In medial view, the La Colonia petrosals each have a rugose, triangular facet for articulation with the exoccipital. No evidence of an inferior petrosal sinus is found, though the appropriate areas of the petrosal are reasonably well preserved in most specimens. The anterior pole of the Promontorium and its medial surface are highly trabeculated and were likely filled by a venous sinus, as in monotremes (Zeller 1989), that was fed and drained by small foramina that riddle the petrosal. In lateral view, the most distinctive feature is the deep groove for the prootic sinus, which is almost vertical and positioned very posteriorly, behind the posterior edge of the subarcuate fossa. This feature can be clearly seen in MPEF PV 2273 (Fig. 6), 2283, and 600 (Fig. 5). At the level of the lateral flange, the groove for the prootic sinus curves sharply medially into the large, semi-horizontal prootic canal. The similar size of the prootic sinus groove and prootic canal, in addition to the absence of a groove continuing ventrally to the groove of the prootic sinus, suggest that a postglenoid vein was absent in the La Colonia petrosals, as in most Mesozoic groups (Wible and Hopson 1995; Rougier and Wible 2006).

In endocranial, or dorsal view (Fig. 5), the dominant features are the subarcuate fossa and the internal auditory meatus (IAM). The subarcuate fossa, which lodged the paraflocculus of the cerebellum, is deep, narrow, and more tubular than spherical, in contrast to the usual mammalian condition (MacIntyre 1972; Wible 1990, 2003; Wible et al. 1995, 2001; Rougier et al. 1996b; Sánchez-Villagra 2002). On the ventromedial edge of the fossa, there is a narrow, elongated foramen interpreted as the aqueductus vestibuli, the internal aperture of the endolymphatic canal. The internal auditory meatus (IAM) is separated from the subarcuate fossa by a broad bony bridge. The morphology of the IAM varies among the specimens; in MPEF-PV 600 the IAM is subequal in size to the subarcuate fossa, it is deep and not very broad (Fig. 5B); in MPEF-PV 2273, 2130, and 2281 the IAM is considerably smaller and rounded in shape, even accounting for some erosion due to transport. The internal division inside the IAM of cranial nerve (CN) VII, vestibular branch of CN VIII, and cochlear branch of CN VIII is seen in MPEF PV 600. As preserved, all of these branches leave the IAM through relatively large foramina, but due to the rough preservation, this feature may be artificial. The foramen for the facial nerve leaves the IAM anterolaterally, piercing the thick commissura prefacialis. This structure is best preserved in MPEF-PV 600 (Fig. 5B).
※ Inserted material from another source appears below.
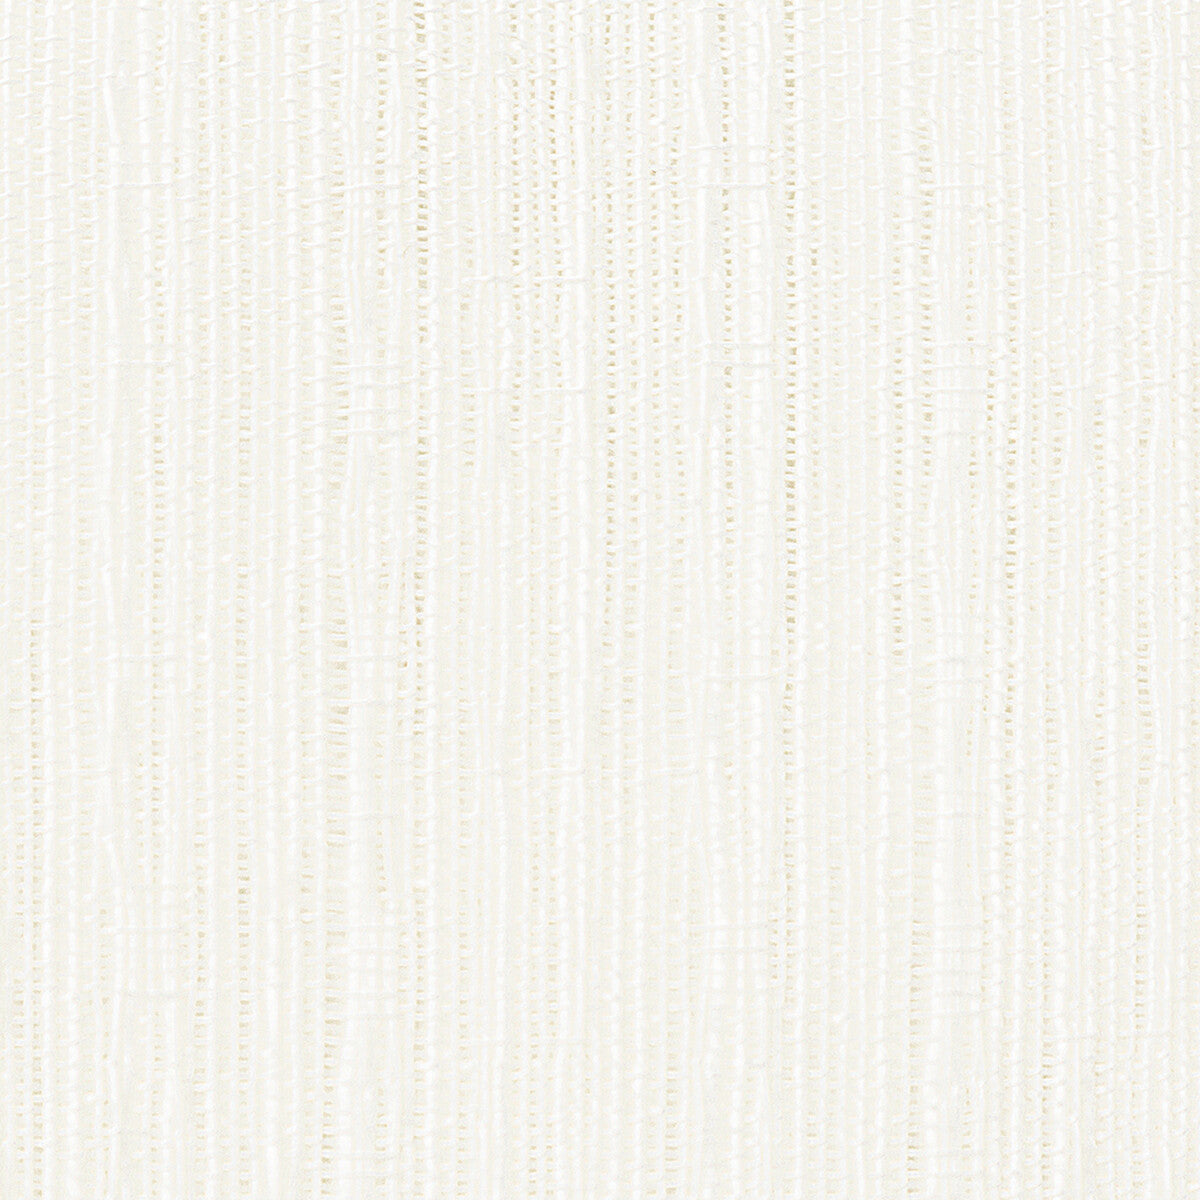 Kravet Basics fabric in 4771-101 color - pattern 4771.101.0 - by Kravet Basics

The abundant cancellous bone on the medial and anterior pole of the Promontorium coalesces in small sized canals and canaliculi in the substance of the petrosal; a particularly large one is exposed along a portion of the medial boundary of the petrosal MPEF-PV 2281 by breakage. This canal is, however, not an inferior petrosal sinus (contra Rougier and Wible 2006: 292) because it lacks an exit on the vicinity of the jugular foramen, but it might have been connected to it via foramina leading from the cancellous Promontorium to the sinus.

The petrosals from La Colonia had a very small, subrectangular occipital exposure. Covering the lateral portion of the occipital exposure and forming the lateral wall of the canal for the substantial arteria diploëtica magna was the squamosal (not preserved in any of the available specimens but deduced from articular surfaces). The arteria diploëtica magna was directed anterolaterally as in Vincelestes, and, judging from the size of the grooves, it was of similar size to the ramus superior.

Stratigraphic and geographic range.—Upper Cretaceous La Colonia Formation in Chubut Province, Argentina.